Effect of wavelet thresholding
Using the wavelet shrinkage thresholding method and a voting procedure, the length of data was reduced to a lower dimension in the two datasets. To select the survived coefficients after thresholding, we varied the value of α from 0.1 to 0.9 with a step of 0.1, and from 0.9 to 0.99 with a step of 0.01. In each step, the accuracy of diagnosis was used as a desirable measure to choose an appropriate value for α. A plot of the accuracy versus the value of α is shown in Fig.1. We selected α=0.9 according to the first maximum point on the curve. As shown in Table 2, the remaining coefficients have yet a good discrimination power compared with the complete wavelet data. We used the SVM classifier to evaluate the performance of diagnosis in the wavelet domain.
Table 2.
Dataset | Threshold value α=1 |
Threshold value α=0.9 |
||
n | Accuracy (%) | n | Accuracy (%) | |
DS1 | 15154 | 100 | 3888 | 100 |
DS2 | 13488 | 92.60 | 1923 | 92.18 |
Coefficients selection
Using DSWT and the proposed thresholding procedure, the dimensionality was reduced in each dataset. However, most of the survived coefficients had irrelevant discrimination performance. We applied a stepwise procedure to select the k features by maximizing a distance measure. To decide how many coefficients needed to be selected, the accuracy was used as the measure. By using 10-fold cross-validation, we selected the k variables according to the first maximum point of the accuracy in each dataset. The result is shown in Fig.2. We chose the 10 and 15 wavelet coefficients in the DS1 and DS2, respectively, corresponding to the point on the curves where the maximum value of accuracy reached.
Protein identification using IDSWT
We applied IDSWT to each selected coefficient by discriminant analysis. Due to the order of mother wavelet (Daubechies 4 in this study), each coefficient would relate to a set of eight neighboring m/z values in the reconstructed spectra. In our data-mining approach, the two-sided t-test was used to select one protein from eight neighbor masses. Table 3 gives the P values of detected proteins versus m/z indices in each dataset.

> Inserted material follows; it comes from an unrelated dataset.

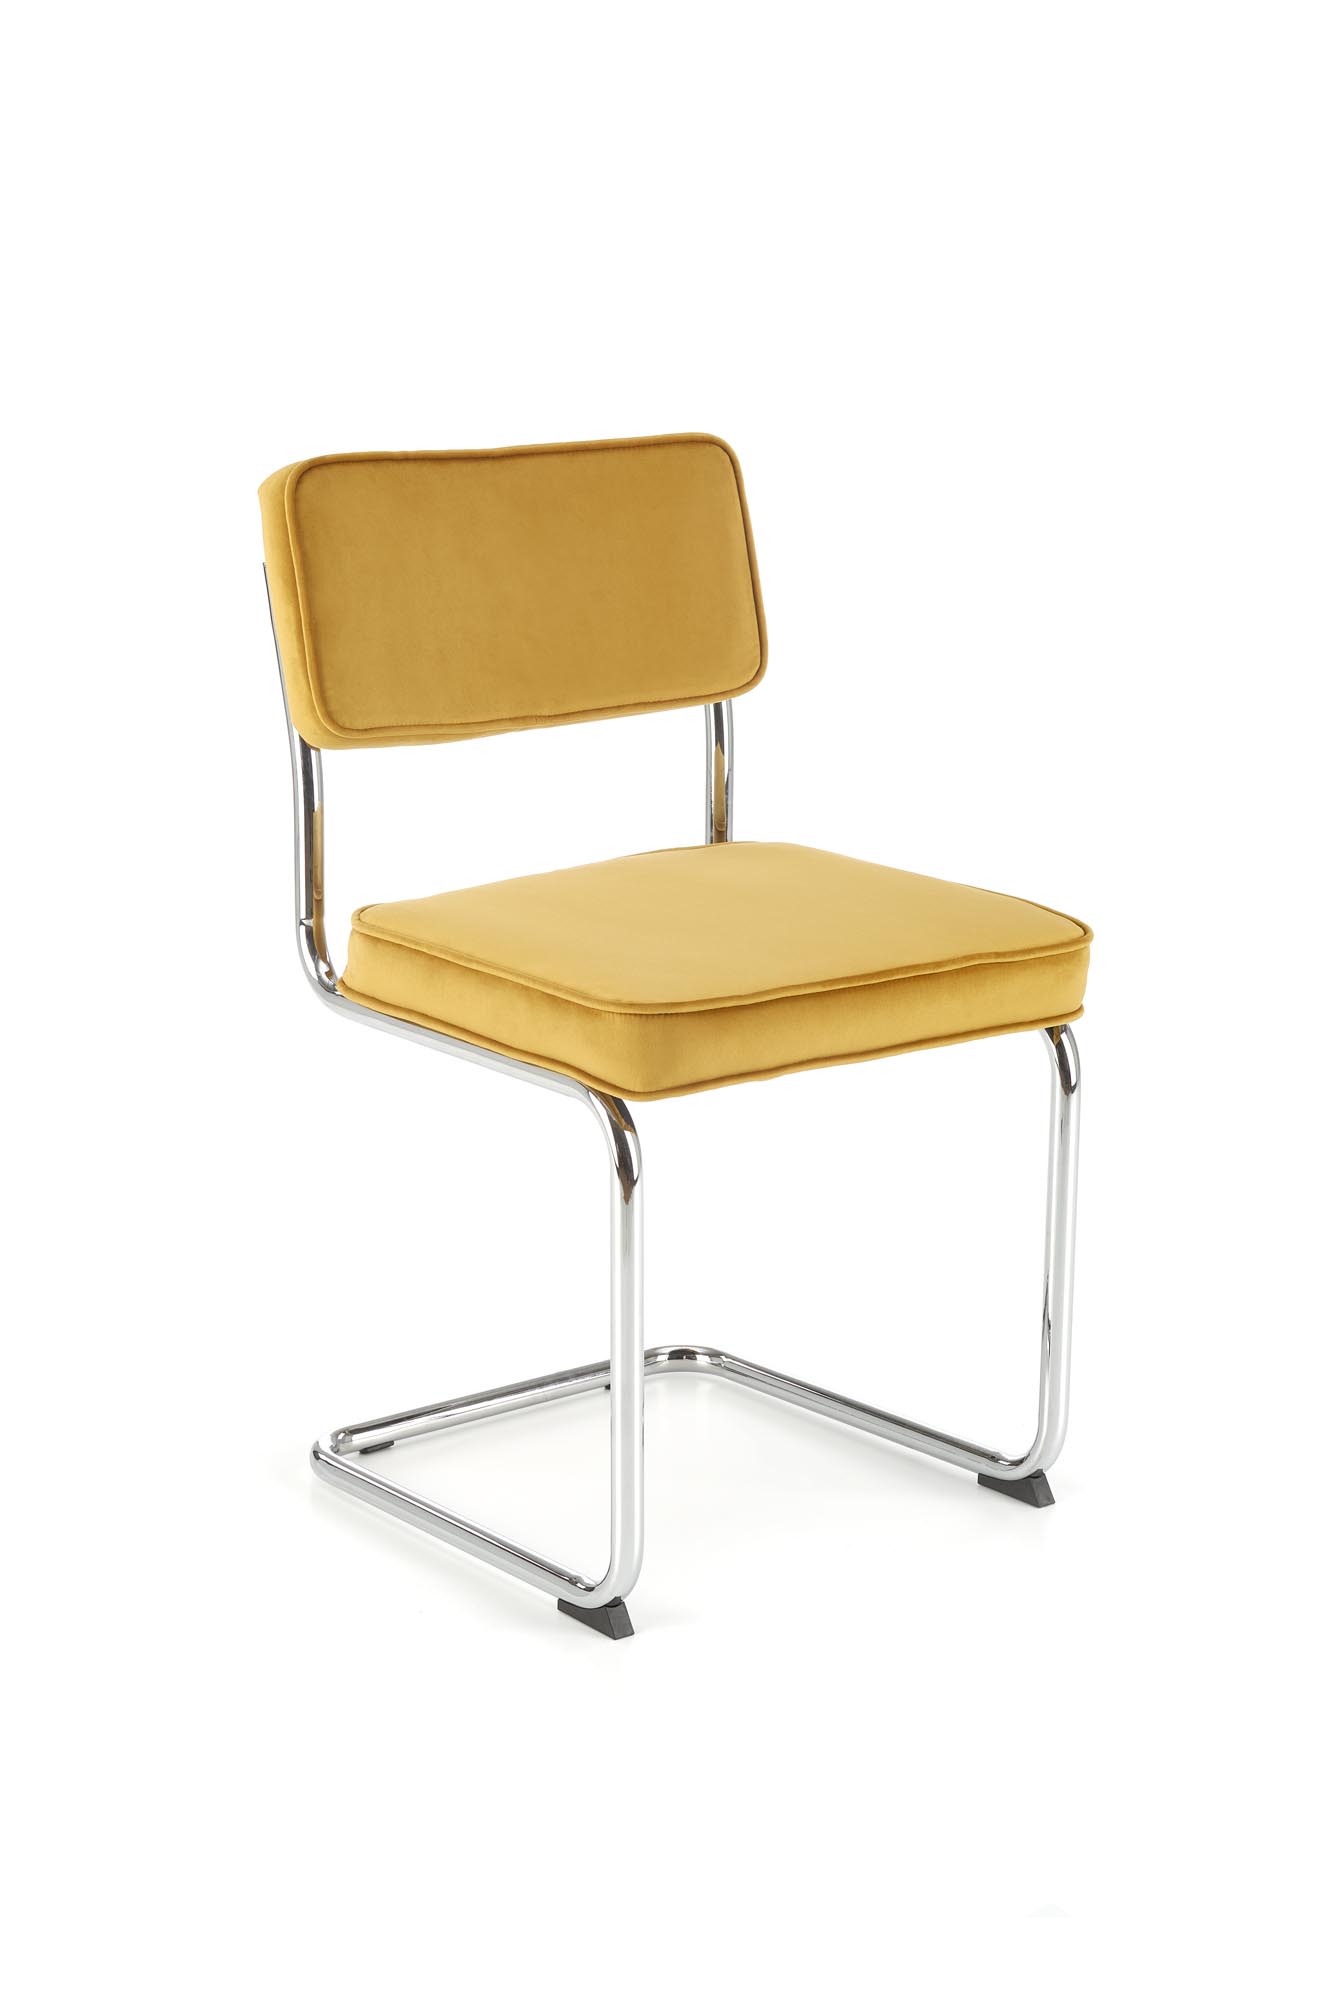 K510 Stolička horčicová krzeszlo kovové k510 - horčicová

Fig.3 shows the accuracy of identified proteins.
Table 3.
Dataset | m/z index | P value |
DS1 | 1677 | 1.62×10−82 |
1268 | 3.46×10−10 | |
5531 | 1.43×10−31 | |
1662 | 9.30×10−25 | |
2240 | 2.44×10−59 | |
1441 | 3.36×10−15 | |
2532 | 4.96×10−35 | |
2314 | 2.73×10−50 | |
2655 | 4.08×10−10 | |
1429 | 0.0041 | |
DS2 | 1657 | 0.0012 |
373 | 4.47×10−8 | |
1569 | 1.03×10−7 | |
6812 | 0.0361 | |
3258 | 1.15×10−5 | |
5380 | 0.0264 | |
3281 | 6.76×10−5 | |
6531 | 0.0137 | |
5028 | 0.0535 | |
2036 | 1.81×10−7 | |
2037 | 2.09×10−7 | |
9108 | 0.0004 | |
1863 | 0.0379 | |
7984 | 0.0029 | |
8521 | 0.0546 |
Selection of potential biomarkers
Through the 10-fold cross-validation method, we trained an SVM classifier with detected proteins listed in Table 3 for each dataset. The sets of five and eight proteins were finally selected as potential biomarkers by a recursive feature elimination algorithm (R-SVM) in DS1 and DS2, respectively. Table 4 lists the identified biomarkers for each dataset. Using the detected biomarkers, we evaluated the performance of classification in the blind test set. By two classifiers [SVM and linear discriminate analysis (LDA)], we achieved the perfect discrimination in DS1. Also, we obtained accuracy of 98.26%, sensitivity of 100%, and specificity of 95.6% for DS2. Table 5 shows the performance of classification.
Table 4.
Dataset | m/z index | m/z value (Da) |
DS1 | 1268 | 139.38 |
2532 | 557.06 | |
2240 | 435.85 | |
2655 | 612.56 | |
1429 | 177.11 | |
DS2 | 1657 | 287.85 |
373 | 2.72 | |
1569 | 256.73 | |
3258 | 1151.51 | |
3281 | 1168.03 | |
2037 | 441.80 | |
9108 | 9102.50 | |
1863 | 367.37 |
Table 5.
Dataset | SVM |
LDA |
||||
Accuracy (%) | Sensitivity (%) | Specificity (%) | Accuracy (%) | Sensitivity (%) | Specificity (%) | |
DS1 | 100 | 100 | 100 | 100 | 100 | 100 |
DS2 | 98.26 | 100 | 95.6 | 98.26 | 100 | 95.6 |
In order to show the intensity differences between normal and cancer cases quantitatively, box-plots of four high-ranked selected peptides were used as shown in Fig.4. As shown, some markers have the lower height in cancer patients than normal cases and vise versa. The receiver operating characteristics (ROC) curve and the area under curve (AUC) were used to estimate the performance of each selected biomarker. By varying the decision threshold of the SVM classifier, we computed the ROC curve and AUC for biomarkers as listed in Table 4. Fig.5 shows the ROC curves of the selected peptides by SVM for DS2 (the AUC value is 0.9780). The AUC value is 1 for DS1 and therefore the ROC curve has not been shown. The AUC values for biomarkers listed in Table 4 have been plotted in Fig.6.
DISCUSSION
Emerging advances in MS technology allow the simultaneous analysis of expression patterns for thousands of proteins in the biological specimen. In the analysis of proteomic profiles, we were faced with the high dimensionality of data and highly correlation between intensity values of mass spectrum. In addition, the appropriate processing of data could play an important role in reproducibility of results (Baggerly et al., 2004).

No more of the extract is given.